At operation 312, a word closeness score for each of the candidate standardized title is determined. The idea is that if two words within a candidate standardized title occur more frequently together than each of them occur independently, then they likely form a unit (e.g., a phrase or other relationship relevant to the closeness of the words). In other words, a statistical and language agnostic technique may be used to arrive at the linguistic notion of a phrase. Thus, language specific rules or expertise need not be leveraged to uncover phrases such as “software engineer” for each language, which might cost-prohibitive and not scalable (e.g., trained linguists would have to be utilized for each language).

In various embodiments, the technique used to measure closeness of words within a candidate standardized title may be pointwise mutual information (PMI). The PIM of a pair of outcomes x and y belonging to discrete random variables X and Y quantifies the discrepancy between the probability of their coincidence given their joint distribution and their individual distribution. Mathematically, PMI is log(p(x,y)/(p(x)*p(y)). The mutual information (MI) of the random variables X and Y is the expected value of the PMI over all possible outcomes (with respect to the joint distribution p(x,y)). In other words, the greater the value is for two words, the more correlated the two words are. In the above example, “software” and “programmer” may appear together more frequently than “staff” and “programmer” in the corpus of standardized titles. For example, “staff” may be distributed across many titles, including “doctor” and “nurse,” whereas “software” may be more restricted in its distribution. In example embodiments, candidate standardized titles that include two or more words may be ranked based on their correlation scores. The closeness score for each candidate standardized title may be equal to or based on the PMI scores for each bigram (e.g., a two-word contiguous sentence) included in the candidate standardized title. For example, if the PMI for “staff programmer” is 0.8664425302901407 and the PMI for “software programmer” is 1.5920519869947474, it may suggest that “software programmer” represents the core meaning of “staff software programmer” better than “staff programmer.” Thus, the correlation score for the candidate standardized title “Software Programmer” may be assigned a higher value than the value assigned to the correlation score for the candidate standardized title “Staff Programmer.”

At operation 314, a length score is calculated for each of the candidate standardized titles. In example embodiments, a candidate standardized title having two words may considered to be less informative than a candidate standardized title having three words. Thus, the length score for the candidate standardized title having three words may be given a higher score than the length score for the candidate standardized title having two words.

At operation 316, a word dispersion score is calculated for each of the candidate standardized titles. In example embodiments, it may be assumed that, if a standardized title contains two words that are close to one another and the same two words were far from one another in the raw title, then the standardized title probably cannot be mapped to the raw title with high confidence. Thus, in example embodiments, the dispersion scores determined for each standardized title represent how many non-adjacent bigrams the standardized title has in comparison to the raw title and includes a penalty for non-adjacency. In example embodiments, the dispersion score is computed as a ratio of the number of words in a standardized title divided by the number of words that separate these words in raw title.
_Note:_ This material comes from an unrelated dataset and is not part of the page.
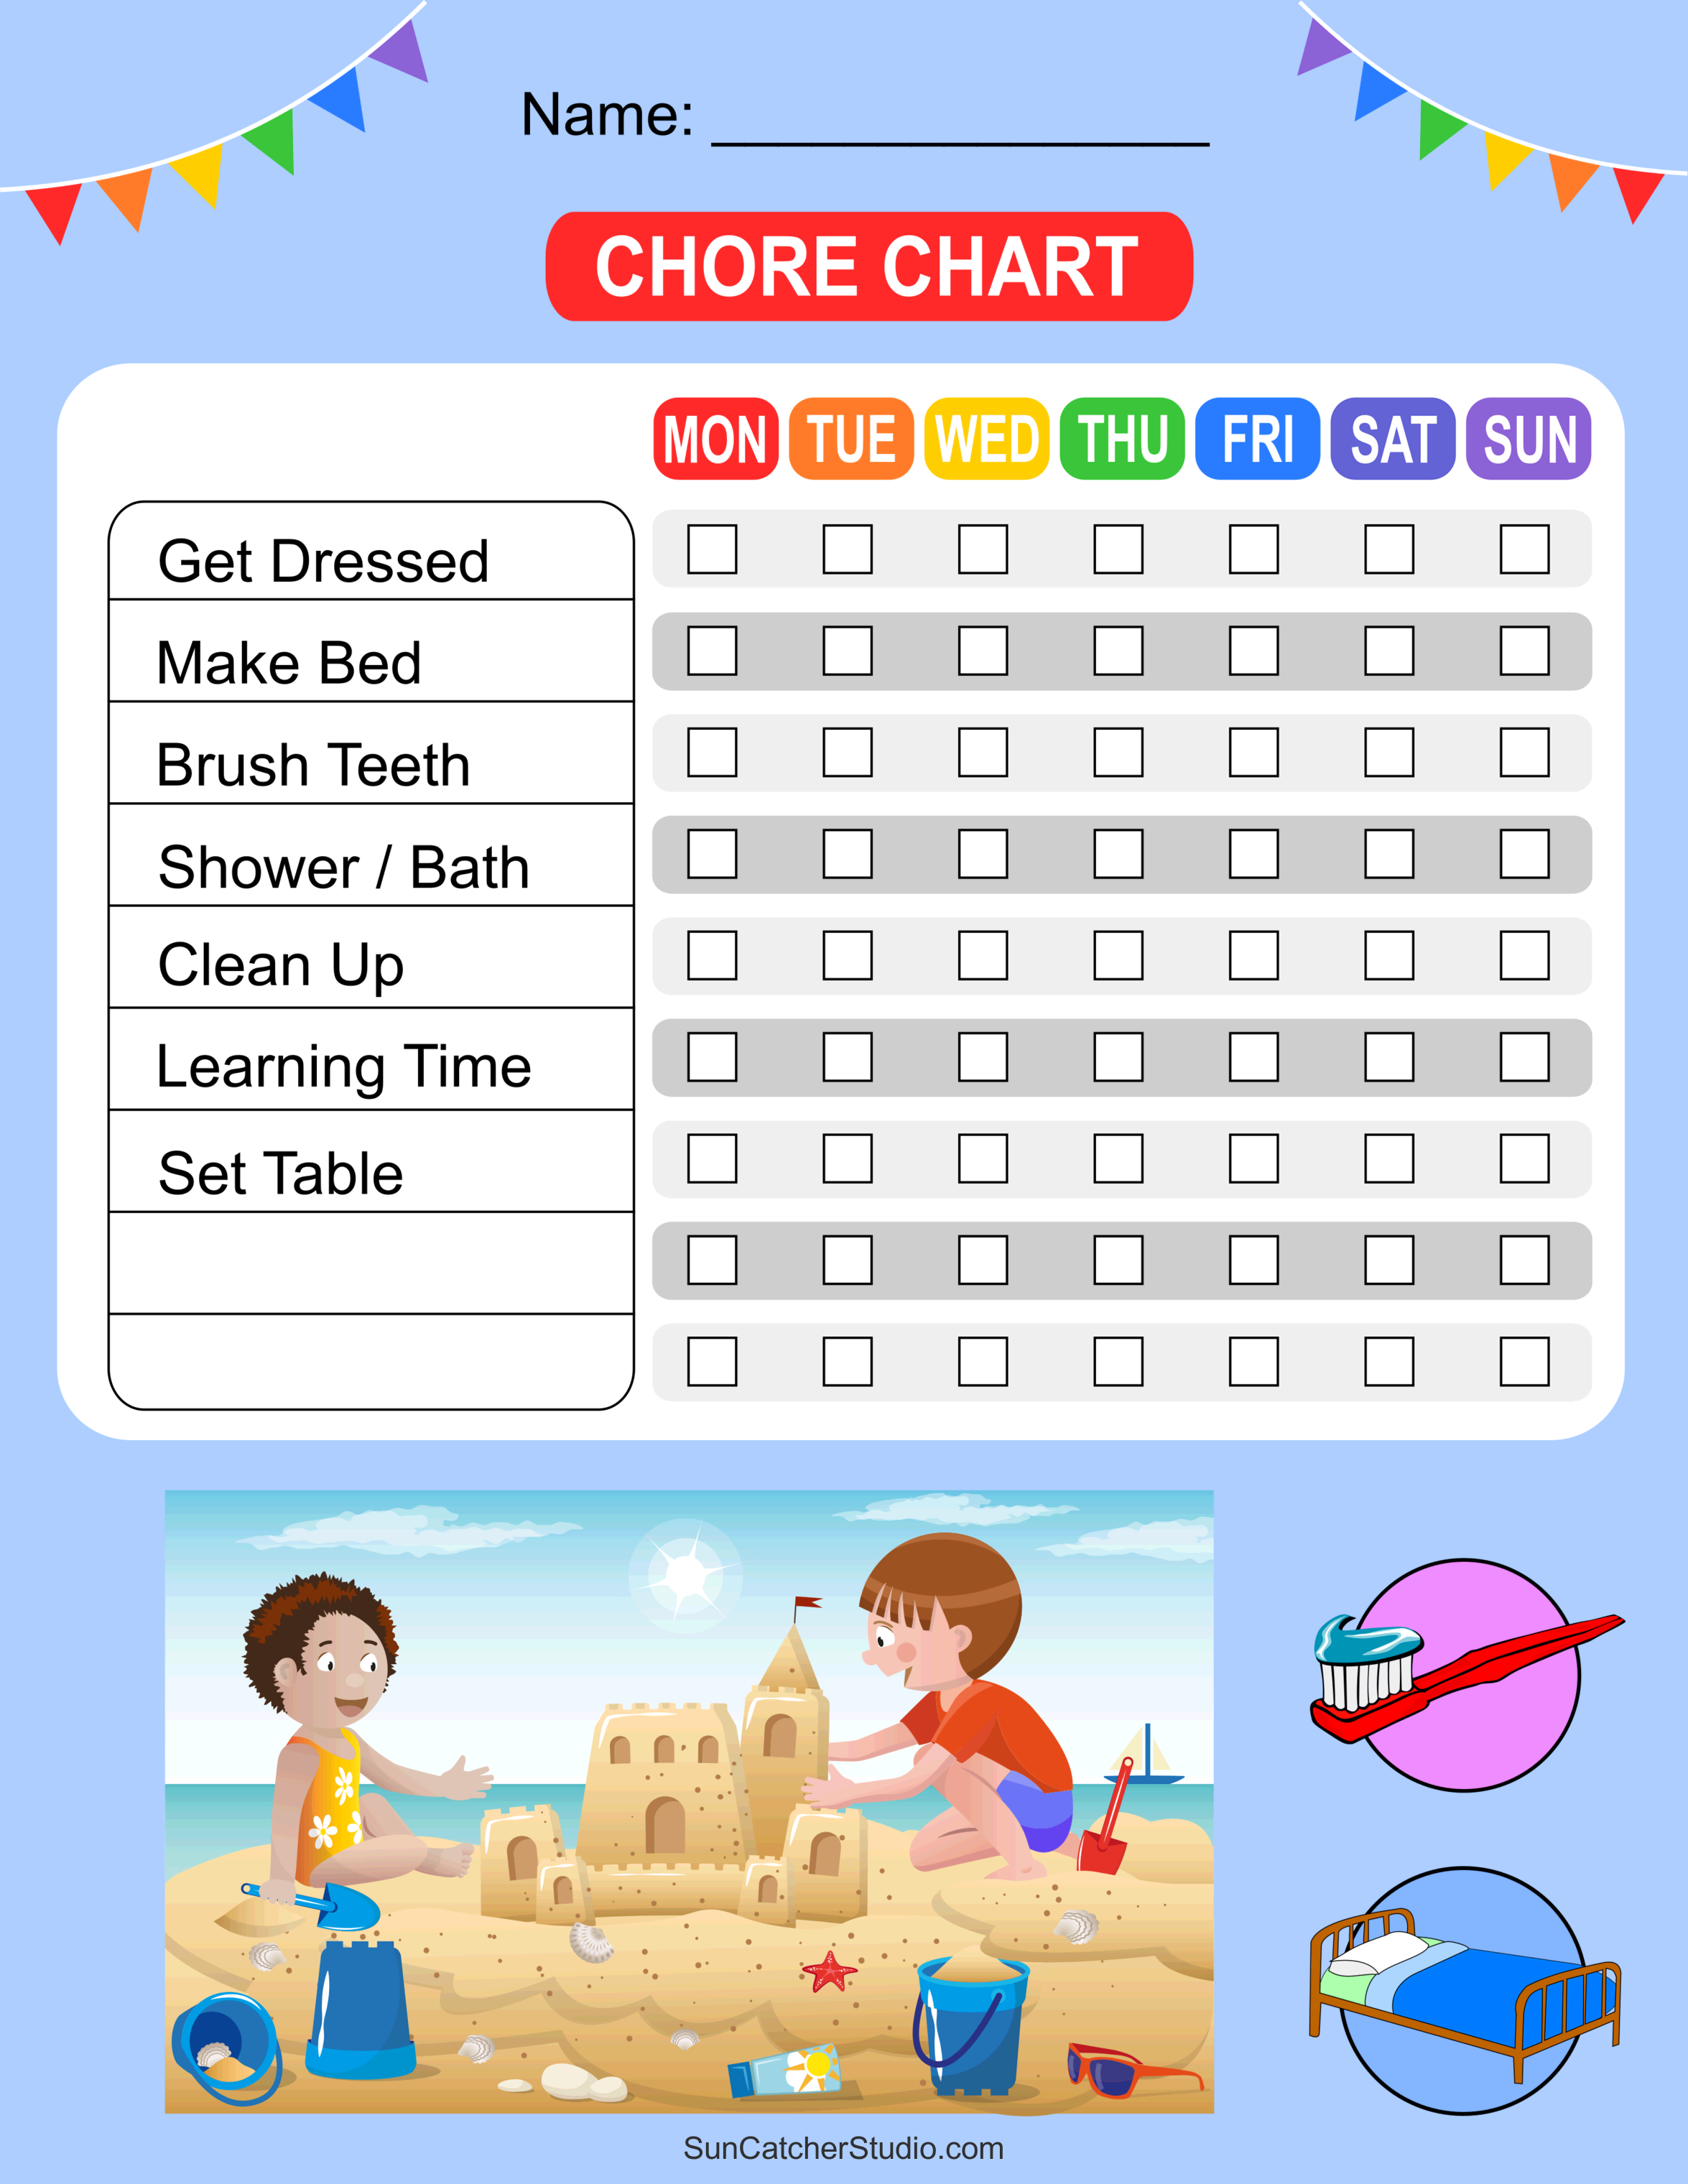 This chore chart cuts down on arguing over chores!  Kids chore chart  printable, Chore chart template, Free printable chore charts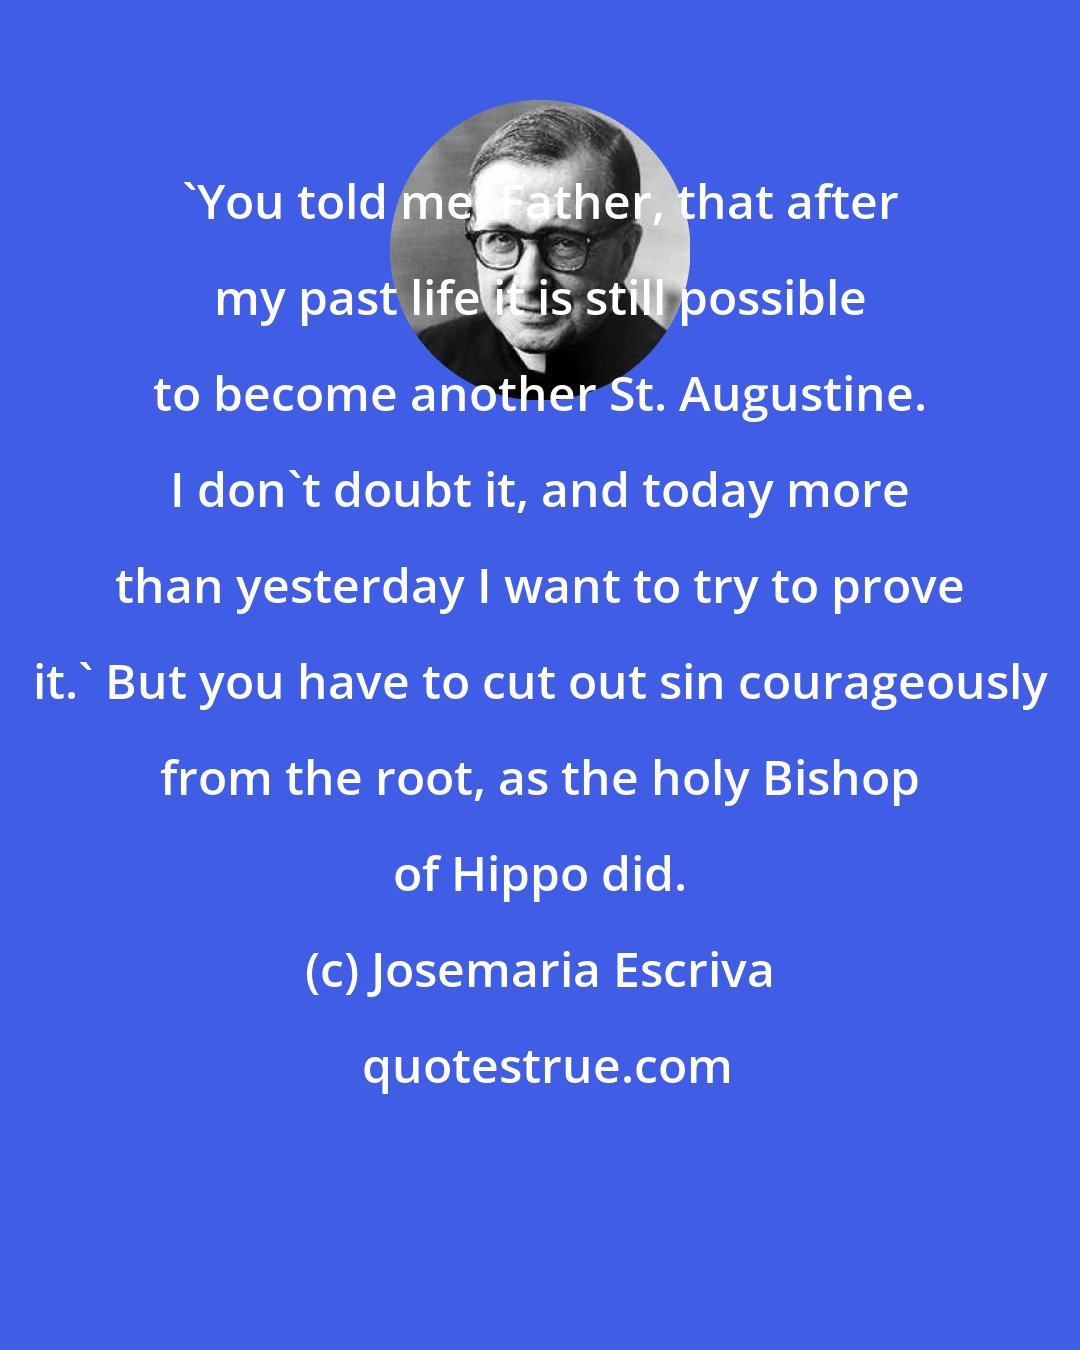 Josemaria Escriva: 'You told me, Father, that after my past life it is still possible to become another St. Augustine. I don't doubt it, and today more than yesterday I want to try to prove it.' But you have to cut out sin courageously from the root, as the holy Bishop of Hippo did.

In example embodiments, the smaller the dispersion ratio of the standardized title, the less confidence we have in this standardized title accurately reflecting the meaning of the original raw title. For example, if we have a two word title and the two words are five words apart in the original title, the dispersion ratio is 2/5. Conversely, if we have two words in the standardized title that are only one word apart in the original title, then dispersion ratio is 2/3. For example, if the raw title was “director of social media with travel,” and the candidate standardized titles were “travel director,” “social director,” “media director,” and “social media director,” the dispersion scores for each of the candidate standardized titles may be the following: {0.0073392531851.610085=[travel director], 6.588351677833811=[director social media], 0.007963157720387077=[media director], and −0.033273808265894156=[social director]}. In example embodiments, negative scores may appear when words in a candidate standardized title are inverted with respect to the order of the words given in a raw title.

At operation 318, a ranking score for each candidate standardized title is calculated. In various embodiments, the ranking score may be based on a combination of one or more of the idf score, word closeness score, length score, or word dispersion score. For example, one of the scores may be used or two or more of the scores may be combined (e.g., multiplied or added) together to determine the ranking score.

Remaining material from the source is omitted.